■ EXERCISE DETAILS: With the line containing "logo de Michigan" as the start and the line containing "tenuta-normanni-foresteria-suites-large" as the end, transcribe that span of the entries below exactly, including both.
===== INFORMATION PROVIDED =====
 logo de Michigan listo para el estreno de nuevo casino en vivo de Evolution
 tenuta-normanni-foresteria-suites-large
=====
===== INFORMATION PROVIDED =====
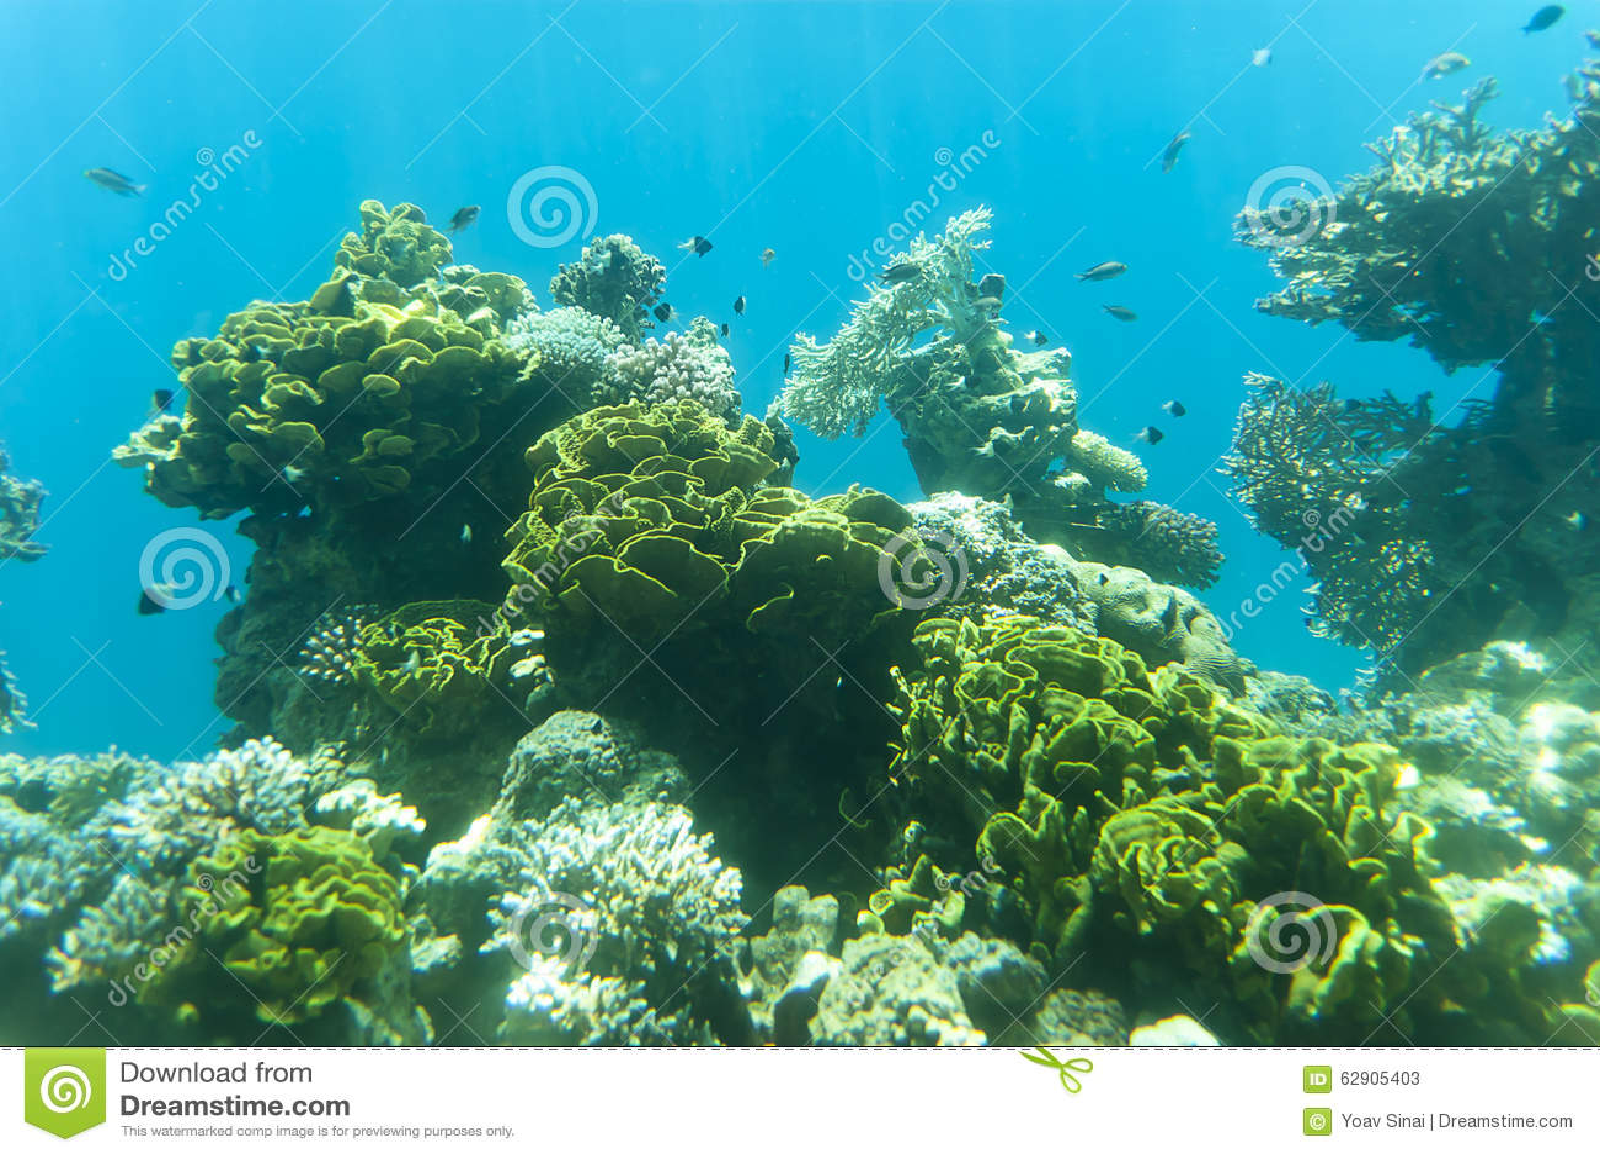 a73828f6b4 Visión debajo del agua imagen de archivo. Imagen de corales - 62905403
=====
■ EXERCISE RESULT:
 logo de Michigan listo para el estreno de nuevo casino en vivo de Evolution
 tenuta-normanni-foresteria-suites-large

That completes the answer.